Dust is a kind of interface – scientific yet mundane. Within the domestic, it becomes a kind of proto-archive, a record of what occurred. For matter that co-exists with us, often invisibly, to be archived and then made visible is also exposing the layers of nuanced information that it may carry within itself.
Bringing a Poem to a Gunfight (Side B) offers hand-collected domestic dust, text and textiles as objects that may hold data revealing how we view labour, matter and identities entangled within domestic as well as public spaces.
Encased in seven custom-made wooden boxes, dust here – now seemingly tamed and obedient by the act of being contained – is presented as objects to be viewed, studied and examined. The addition of a loupe that is provided alongside the boxes provokes the viewer to interact with the adjacent box and its contents up-close. By exposing it to public inspection, it further forces an intimate relationship to be formed between the viewer and the dust that has emerged from someone else’s home but has now been put on a proverbial pedestal. Or is it a scene of crime?
The data held within the boxes can provide clues as to what events may have taken place, the changing seasons, the people involved and their activities. There are grains of rice and lentils pressed against the plexiglass but there are also bits of leaves, bugs and tiny pebbles — traces of who may have visited the artist’s home and what they would have brought in with them, from the outside world. The public sphere, here, enters the domestic and through the project, permeates back into the public realm, thus, bridging the private with the shared common.
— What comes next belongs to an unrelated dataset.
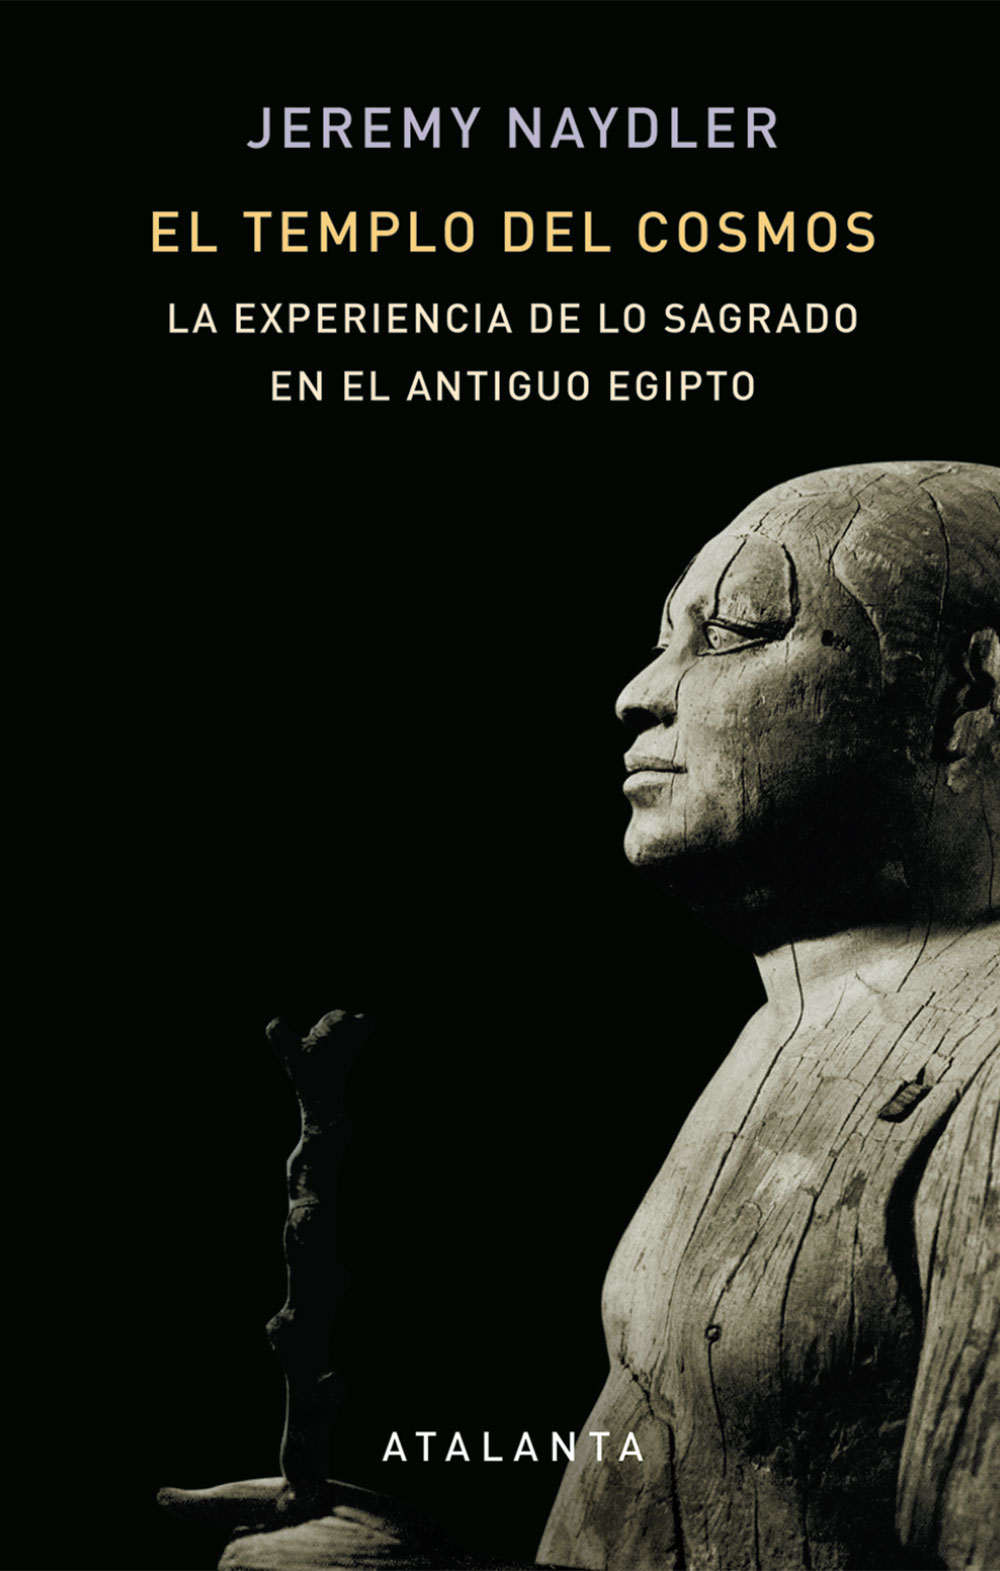 Libros acerca de historia y cultura egipcia antigua. 125-naydler-cubierta-EL-TEMPLO-DEL-COSMOS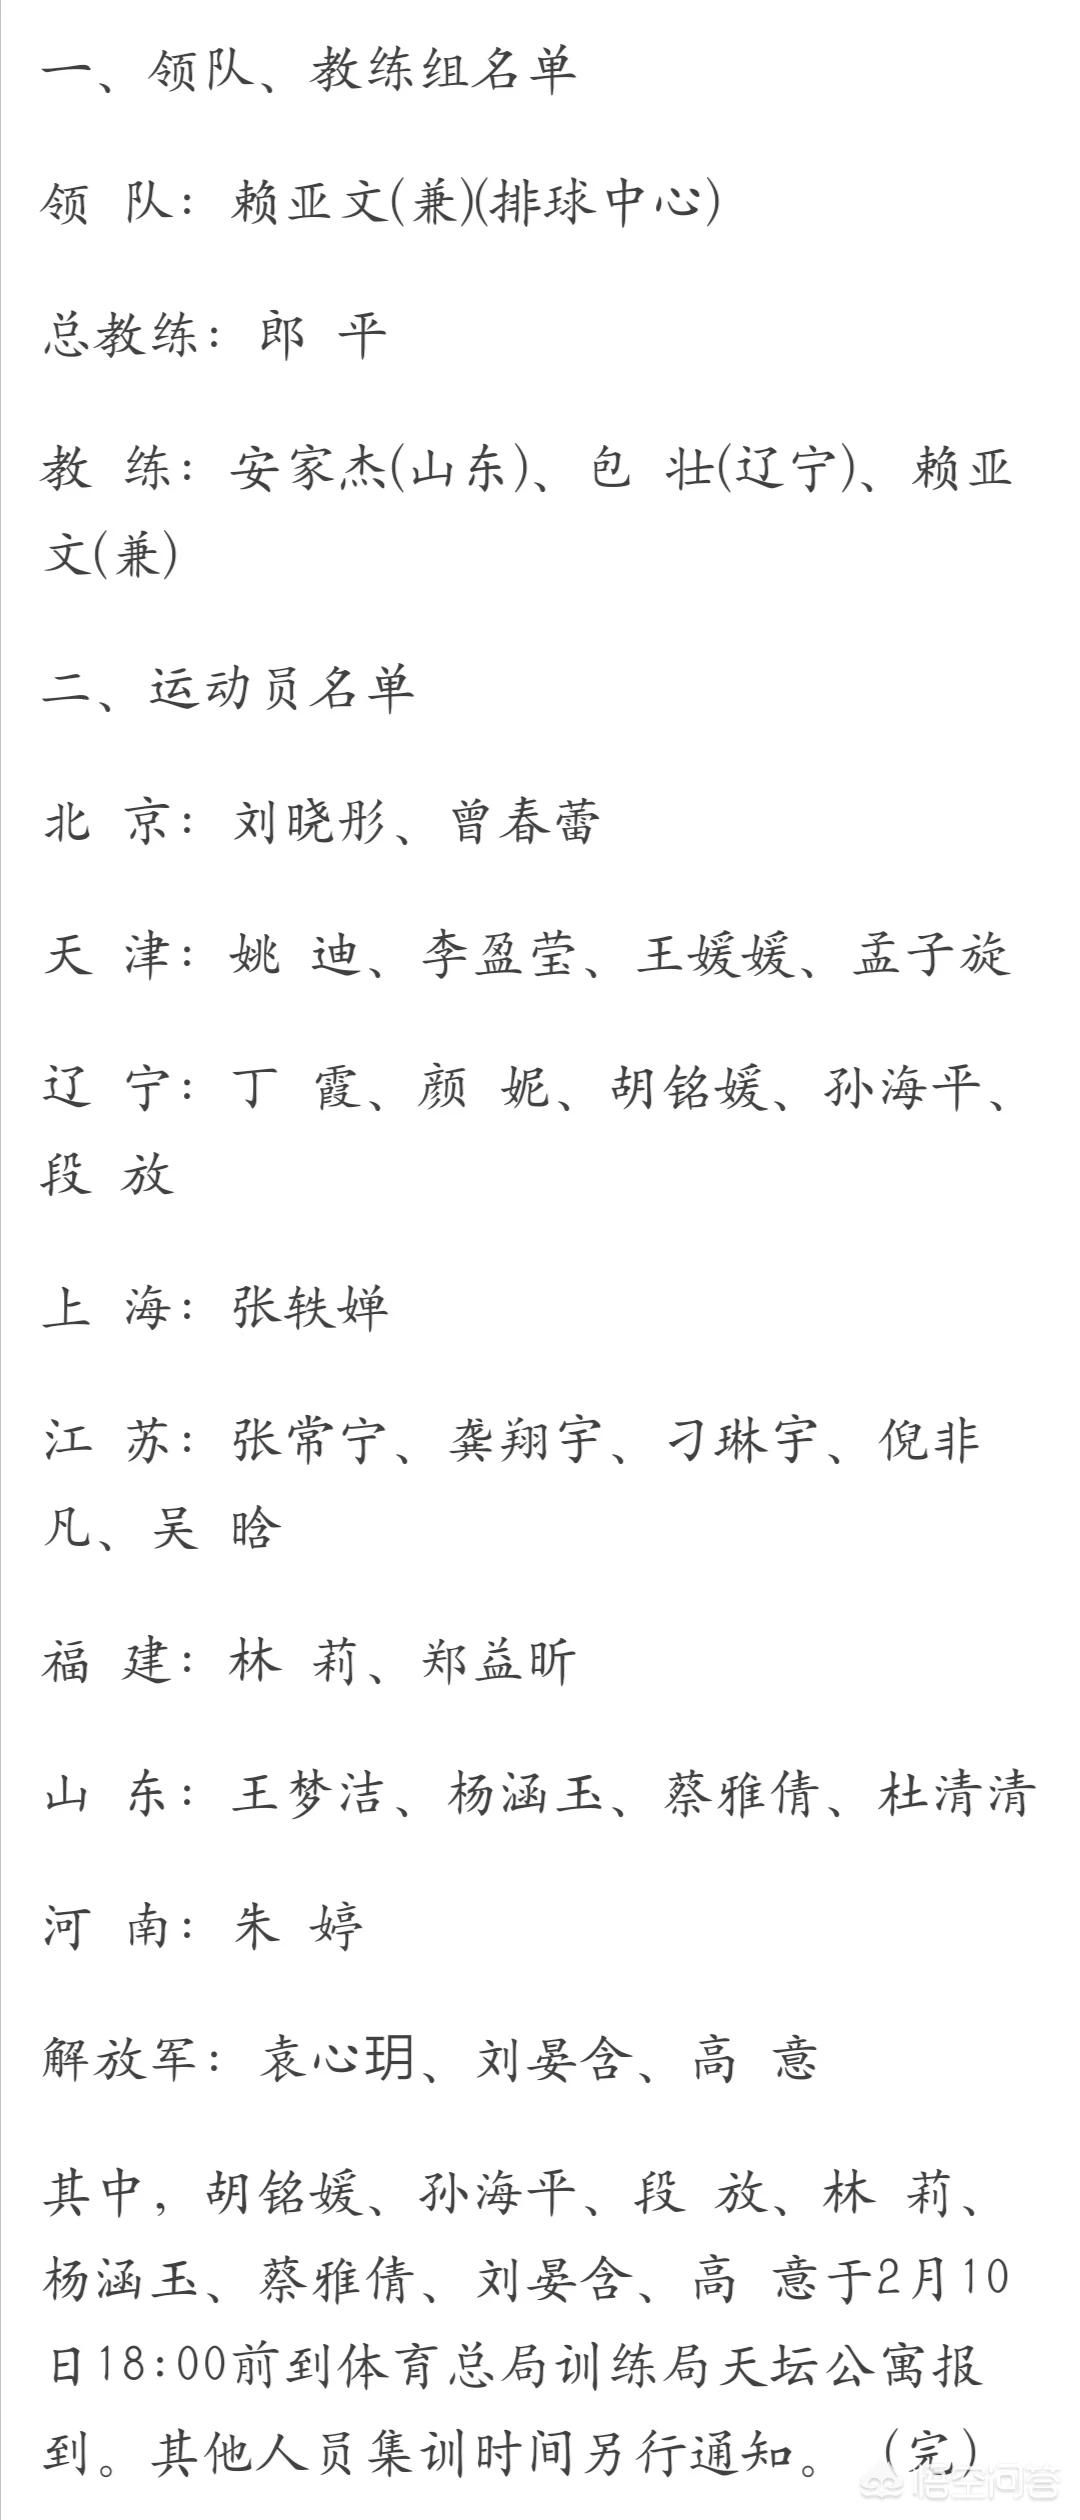 2019年中国女排队员名单(中国女排国家队集训名单)

Modelled after colonial ethnographic artefacts that are de (re) contextualised from its place of the nativity when brought to a museum/gallery setting, each of these boxes invoke questions about the information or the power that these objects may hold in its new environment. The custom-made light boxes, multiple and visually repetitive in form, take after colonial aesthetics of viewing, meaningful-making and the politics of displaying matters that may have once been private and personal, but are now for anyone to comment upon. But can the same aesthetics be adopted and reclaimed as auto-ethnography? Does it then shift the gaze for the indulgence to also be viewed as critical or does it internalise the same regressive values?
What happens to the object itself (in this case, household dust) when it is removed from its place of nativity and brought into a museum/gallery setting? Does the matter then gain more value or does it lose some of its inherent value to become solely representative and symbolic? Is its identity and the power it may possess neutralised by the act of removing it from its place of origin? But if dust is largely considered a matter of refusal or removal, what purpose may it then hold? Can domestic dust have the capacity to transform its role as a passive observer to become an active actor in presenting narratives?
Each of the seven light boxes have an enclosed (index) drawer that holds within them short epigrams for the ones seeking more information about the material that it holds. Depending on how one may navigate the additional data, these two-sentence poems — letterpress printed on fabric — either add to the knowledge that the dust in the respective box may provide or throw them further into abstraction.
By treating domestic dust as a scientific site of data collection and reporting, this work processes and expands upon the invisible areas where the line between the domestic and the public realm meets, bends and shifts.